Women remain underrepresented in top positions
Those hoping for gender equality in the business world can find encouragement in the growing number of women leading large corporations. Since 2015, female representation in the C-suite has risen from 17% to 28%, alongside growth in the numbers of women occupying vice president and senior vice president roles. Despite this progress, men still constitute 72% of the C-suite. The promotion gap persists as well, with only 87 women promoted for every 100 men moving from entry level to managerial roles.
The dilemma of balancing motherhood with career aspirations is just one of the factors contributing to the greater likelihood of men climbing the corporate ladder, according to recent studies.

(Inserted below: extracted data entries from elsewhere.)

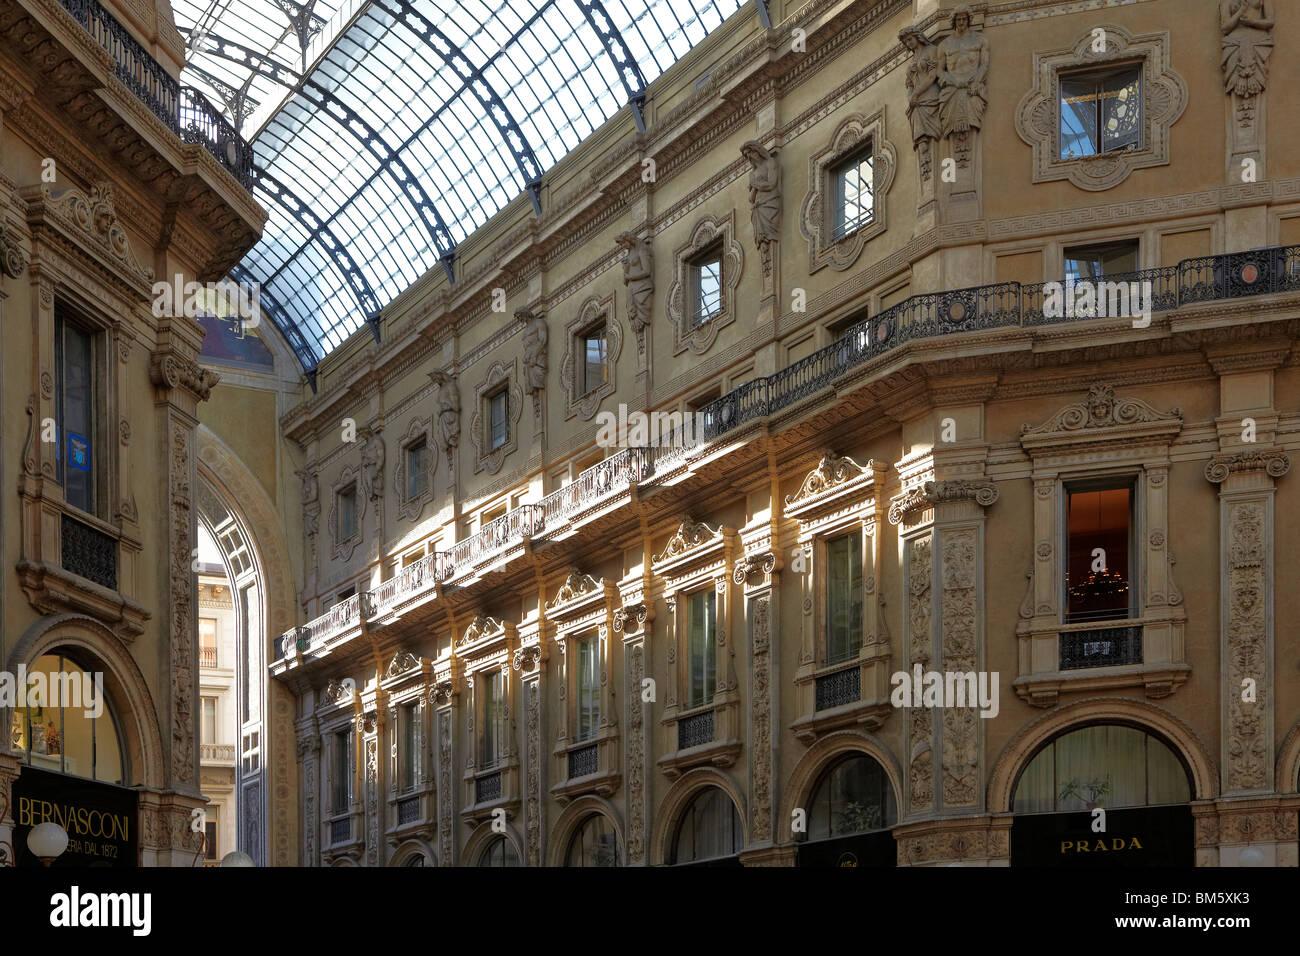 Shopping Mall Galleria Stock Photos & Shopping Mall ...
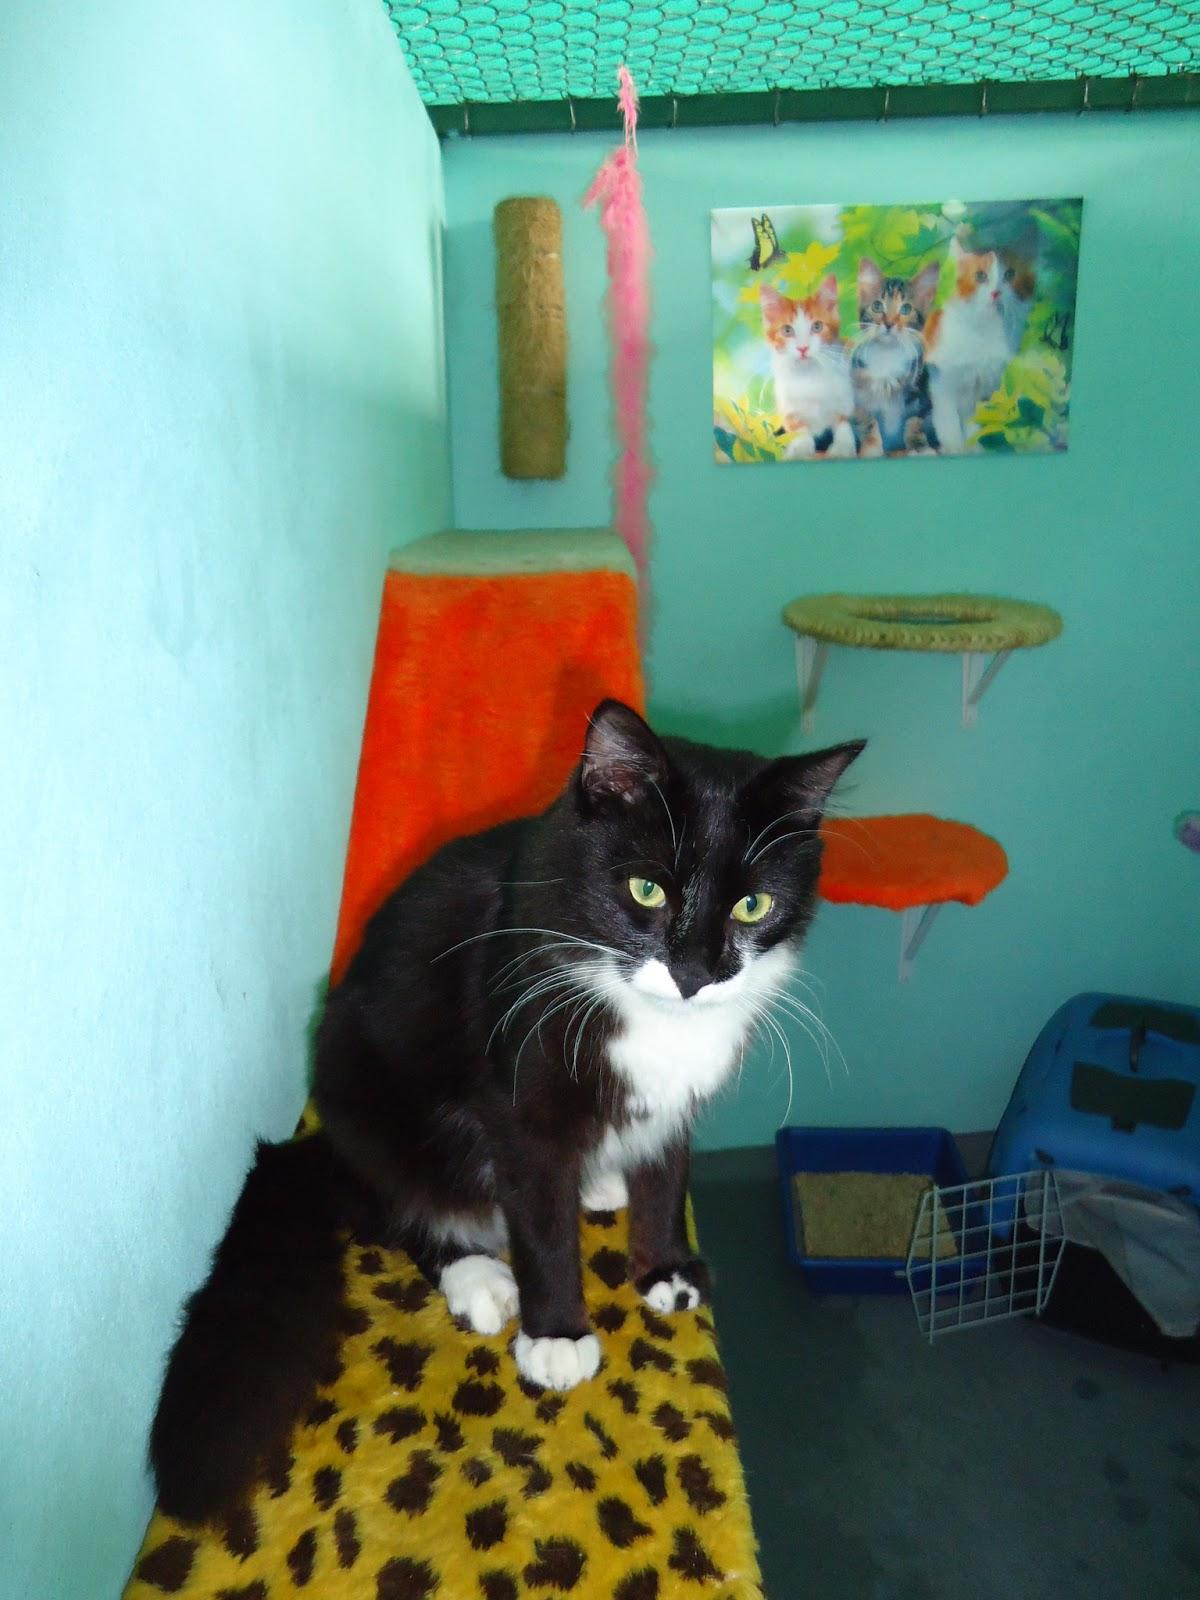 #CA2D01 Gato é Gente Boa!: Enriquecimento ambiental: Seu gato pode ser feliz  1468 Tela Janela Gatos
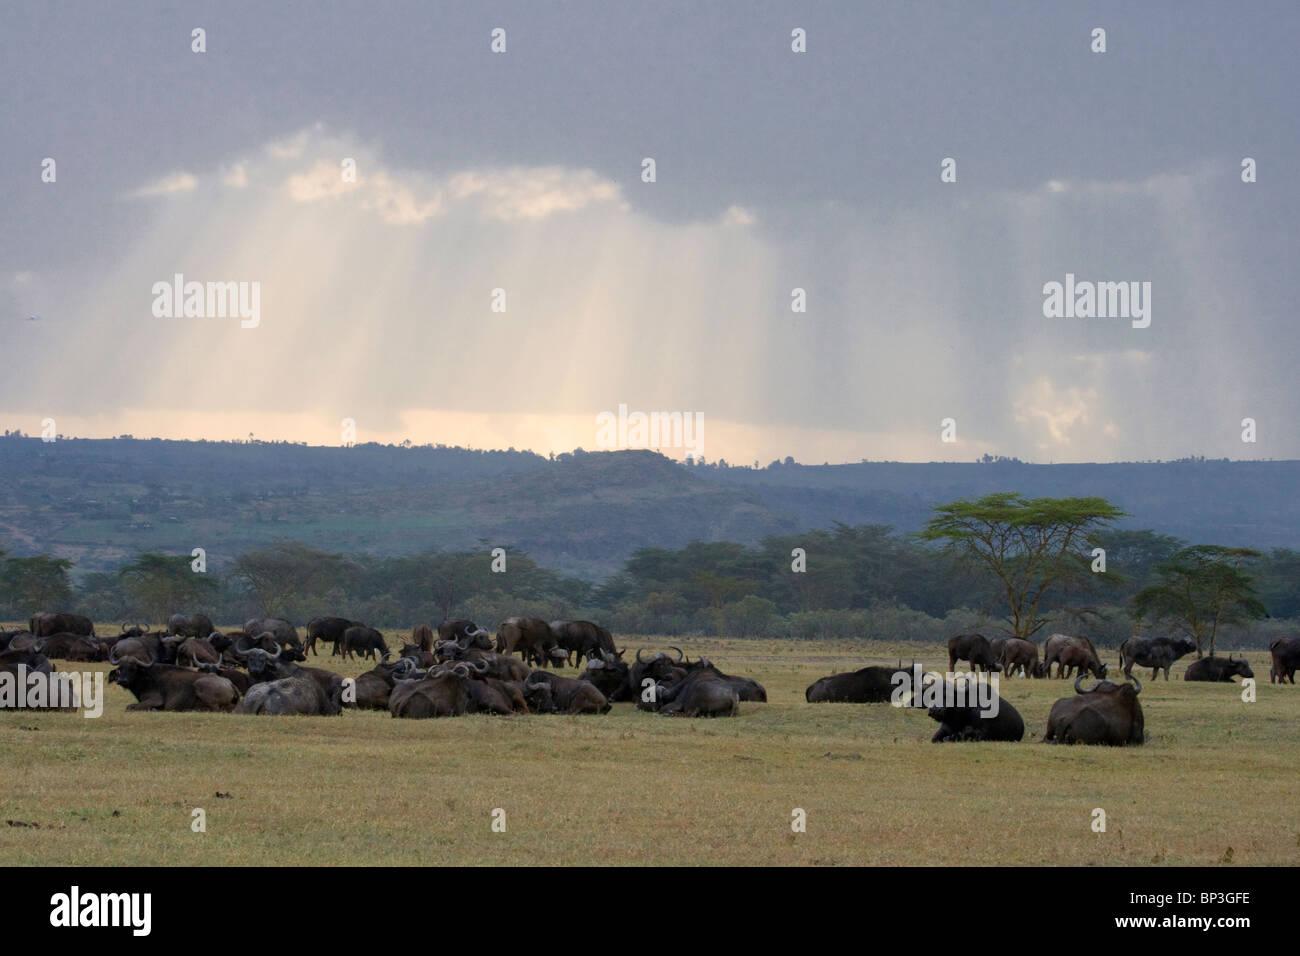 African buffalos (Syncerus caffer) laying after rain in savanna, along the coast of lake Nakuru, Kenya. - Stock Image
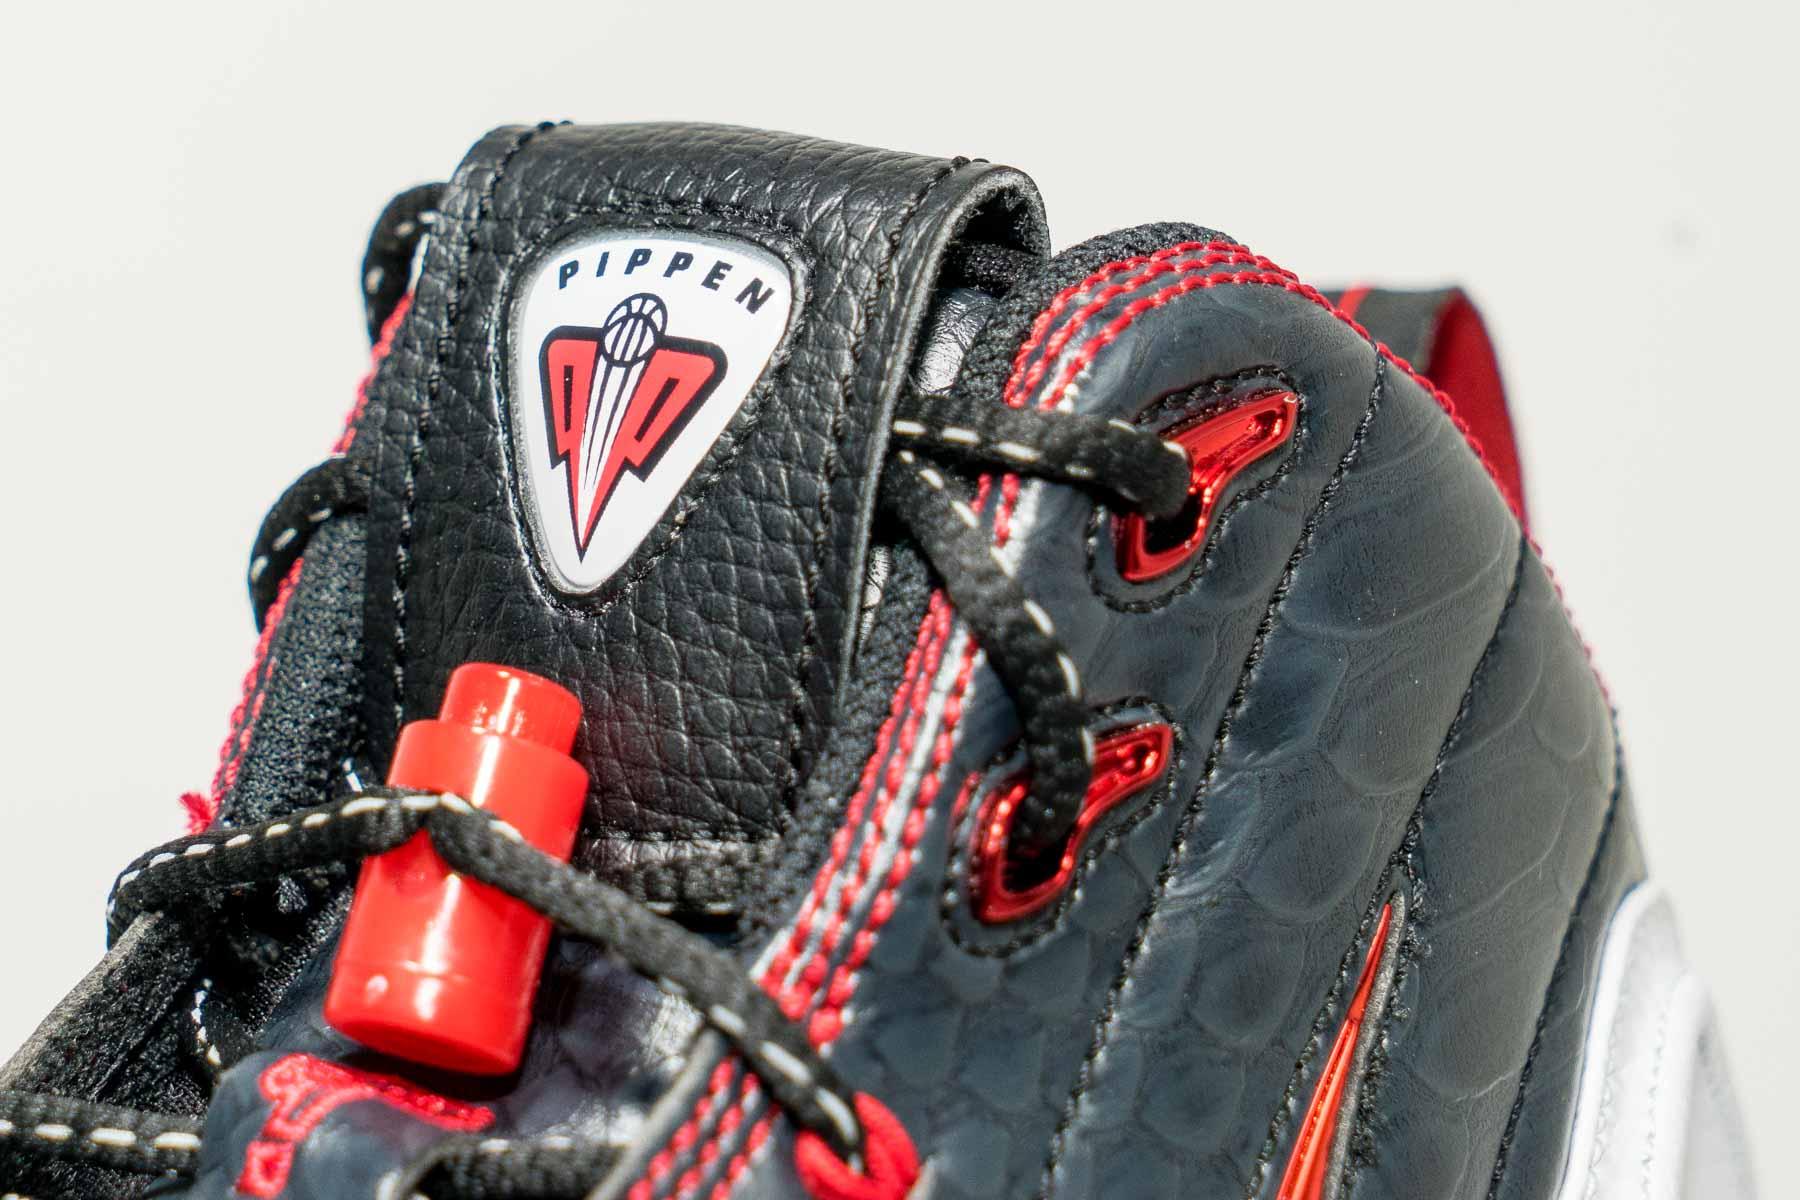 勘履訪客 / Nike Air Pippen 6 鑄刻於鞋身的光榮記憶

There’s a noticeable gap in research concerning the leadership roles of transgender and nonbinary individuals within corporations. What’s more, the Harvard Business Review reports that companies are behind in identifying policies “that empower individual agency, make room for experiences outside of the gender binary, and ensure access to resources and quality of working life for people of all gender identities and expressions.” A notable exception is Martine Rothblatt, a transgender woman who leads as CEO of United Therapeutics and founded Sirius XM, and one of the highest-paid female CEOs in the United States.
Based on the data that we did identify, this report focuses on how executives identified by researchers as women are faring.
Key Takeaways
- More than 10% of Fortune 500 companies are led by women – the highest percentage in the list’s 68-year history.
- The ranks of female chief executives have more than doubled in the past decade alone. Yet, the C-Suite remains predominantly male at 72%.
- The reasons often cited for a lack of gender diversity include women’s greater tendency to sacrifice career for family, conscious and unconscious bias, and a lack of mentorship opportunities.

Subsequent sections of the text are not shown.